Introduction

Lead (Pb) is a non-essential heavy metal. It causes serious health hazards, that is, permanent brain damage, learning disabilities, hearing loss, anaemia, insomnia, headache, dizziness, irritability, weakness of muscles, renal damages and heart disease (Naseem and Tahir 2001). Industrial activities, such as production of batteries, pigments and metal smelting, as well as manufacturing of products, such as Pb arsenate insecticides or Pb water pipes, are the main anthropogenic sources of Pb (Jarosławiecka and Piotrowska-Seget 2014; Ismail et al. 2013). Accordingly, large volumes of Pb-containing wastes from these industries are introduced into environments. To protect ecosystems, wastewaters must be treated to reduce Pb to below 0.05–0.10 ppm before discharging into the environment (Saǧ et al. 1995). Different physical and chemical methods have been applied to treat Pb-containing wastes. These methods include adsorption, flotation, ion exchange, membrane filtration and precipitation (Chen et al. 2009; Kabbashi et al. 2009; Landaburu-Aguirre et al. 2009; Zhang et al. 2009). The physico-chemical methods are generally expensive, so the need for hazardous reagents produces other toxic chemicals and requires long treatment time. The biological systems apply a process called bioremediation to protect environments from toxic effects of hazardous components. Since the elemental form of Pb is toxic, it cannot be degraded or transformed (biotransformation/biodegradation) into a less dangerous material. However, the living systems (like bacteria) can precipitate bioavailable soluble and toxic Pb to insoluble forms (biosorption) and reduce drastically its availability and toxicity. The major advantages of the biosorption approach are its high effectiveness in reducing the heavy metal ions and the low cost of the process (Macek and Mackova 2011). Various groups of microorganisms like Bacillus cereus, Arthrobacter species, Corynebacterium species (Roane and Kellogg 1996; Trajanovska et al. 1997; Zanardini et al. 1997), Pseudomonas marginalis, Pseudomonas vesicularis, Enterobacter species (Hasnain et al. 1993; Trajanovska et al. 1997), Saccharomyces cerevisiae and Penicillium species (Chen and Wang 2007; Sun and Shao 2007) were reported for their ability to remediate Pb contaminations using the adsorption method.
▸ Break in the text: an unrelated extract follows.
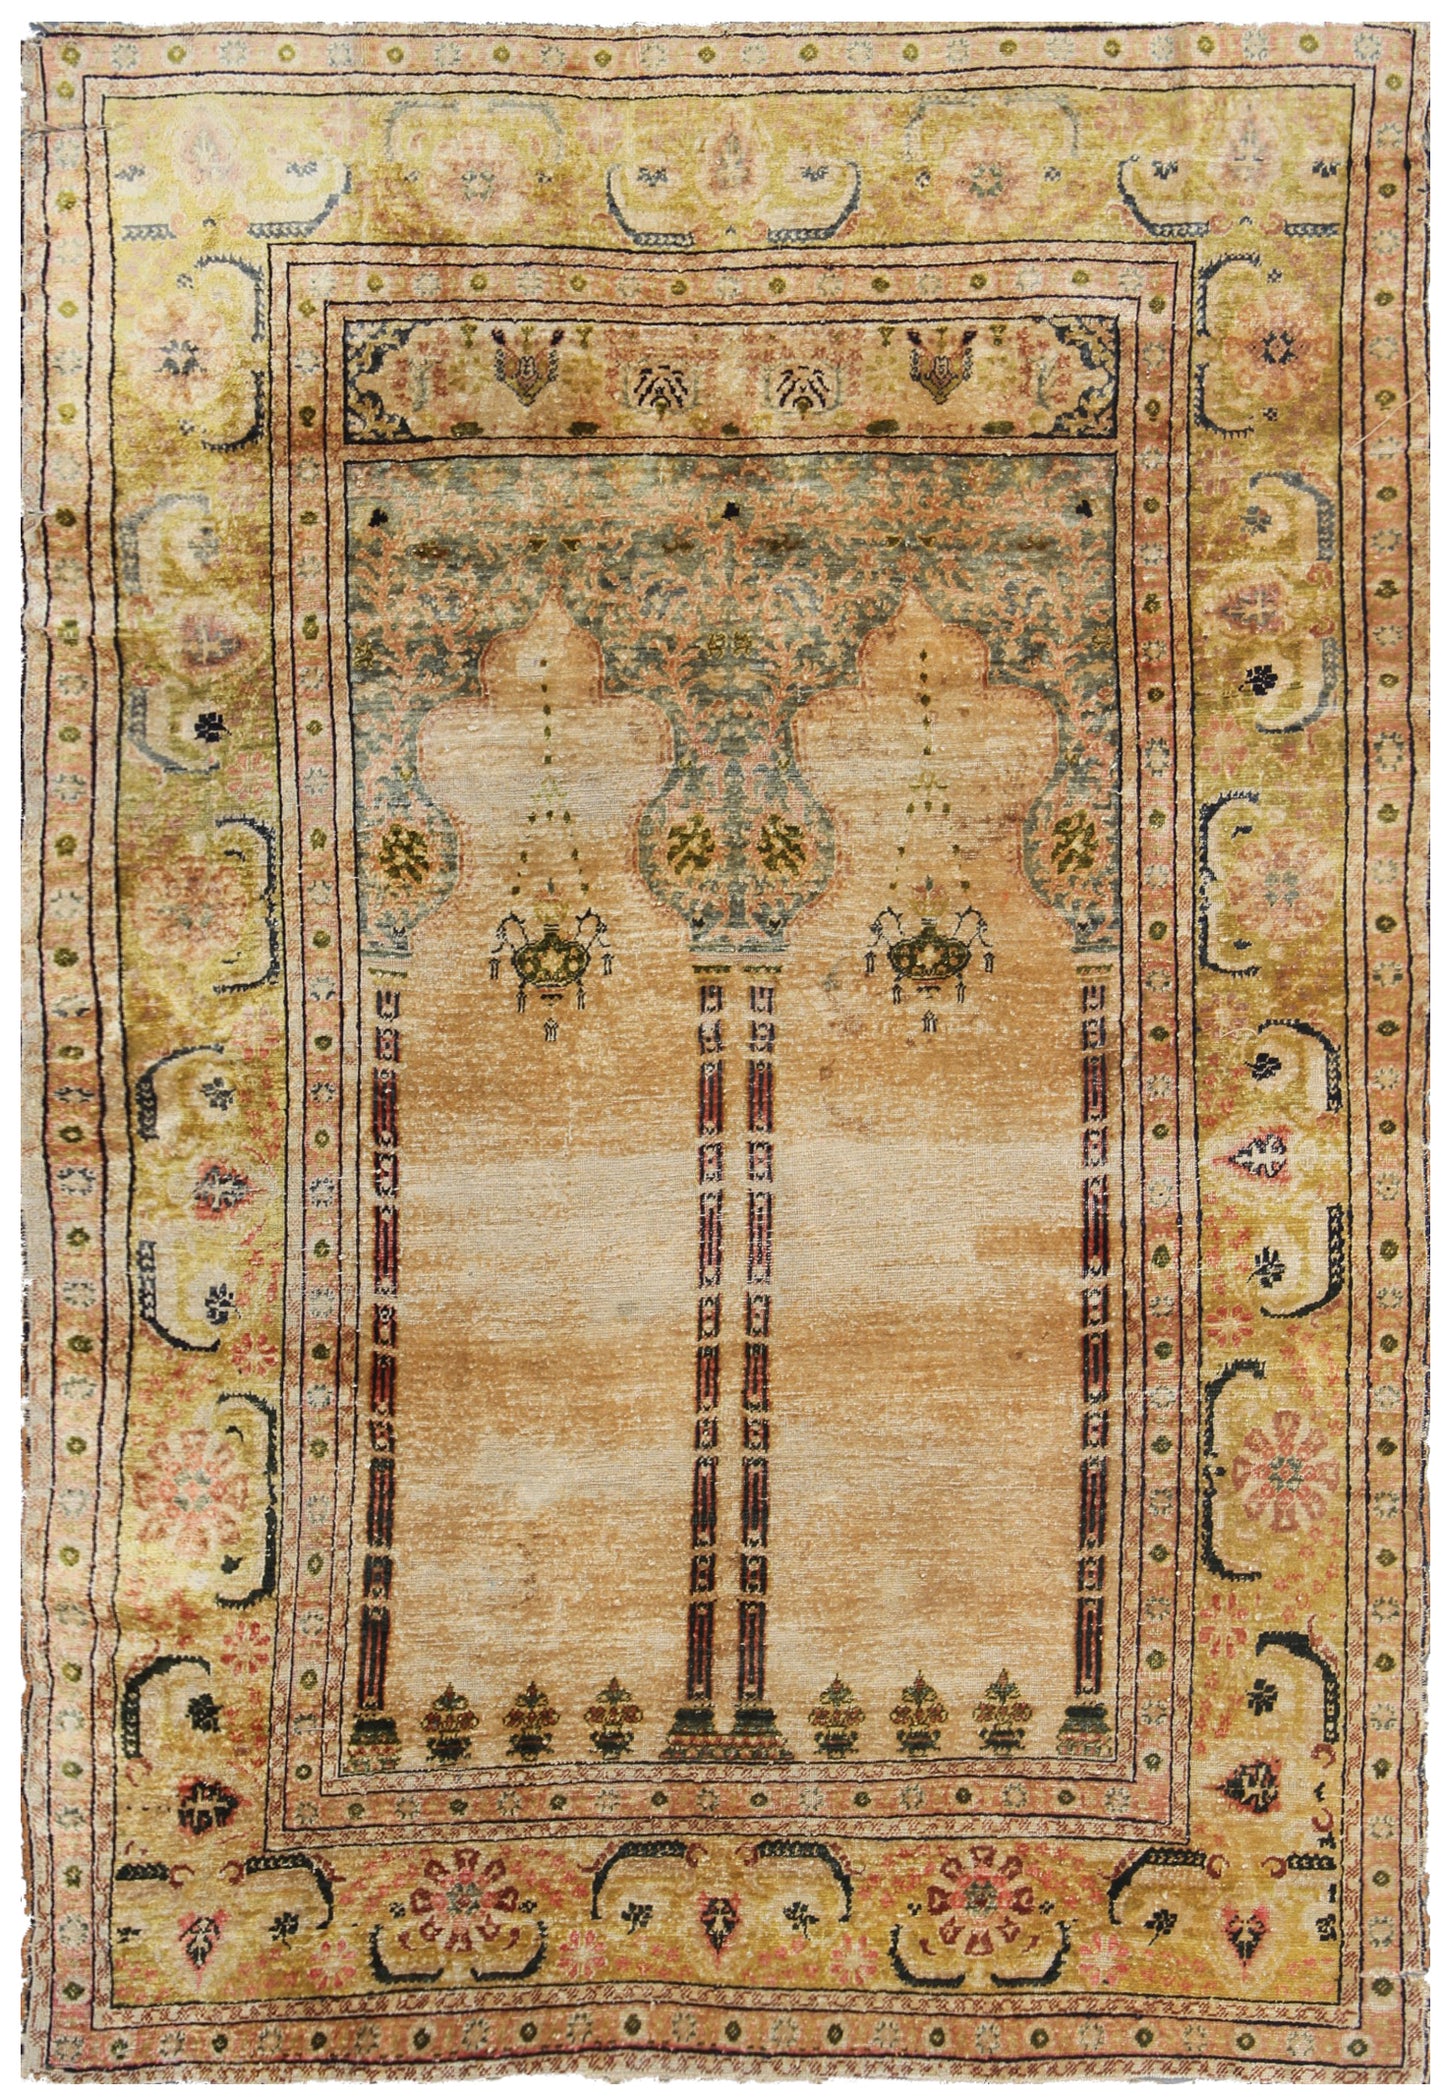 4'x6' Antique and Semi Antique Turkish Silk rug

Heavy metals like Pb are found in the environments as the natural sources (geogenic) of parent rocks and metallic minerals (metalliferous ores) (Sparks 2005). The long-time contacts of microbial populations with this element in the contaminant regions result in the enrichments of resistant strains by the act of natural selection. Accordingly, these indigenous species are appropriate candidates for bioremediation of anthropogenic (Human made) pollutions. This study describes the isolation of Pb-tolerant and absorbing bacteria from Pb ore, and the influence of various biosorption-related variables, such as pH, inoculums size, temperature and initial Pb concentration, was studied on the selected strain. The ability of novel strain to remediate industrial Pb-containing wastes was also taken into account.

Materials and methods

Site description, samples collection and analysis

Samples were collected from different sites of Tarik Darreh Pb Ore in north-eastern Iran (35°21′–35°28′N, 60°40′–60°49′E). The samples including soil, water and sediment were collected in sterile plastic containers and kept in the dark at an environmental temperature for a few hours before being analysed in the laboratory. Anions and cations were analysed using titration and atomic absorption methods (atomic absorption spectroscopy, AAS), respectively (Maiti 2004; Saad et al. 1998). Pb concentration was analysed using AAS-7000 (Shimadzu, Japan).

Culture media and growth conditions

Bacteria were isolated under aerobic conditions on Luria–Bertani (LB) agar (Merck). The pH of the medium was adjusted at pH 5.0 by 2 M HNO3. All samples were serially diluted up to 10−6 and plated by spreading method. The plates were incubated at different temperatures of 20, 30 and 40 °C for 2 weeks. Pure isolates were obtained after successive cultivation. The isolates were maintained on the slant LB medium at 4 °C and LB broth medium supplemented with 30 % (v/v) glycerol at −80 °C for short and long preservations, respectively.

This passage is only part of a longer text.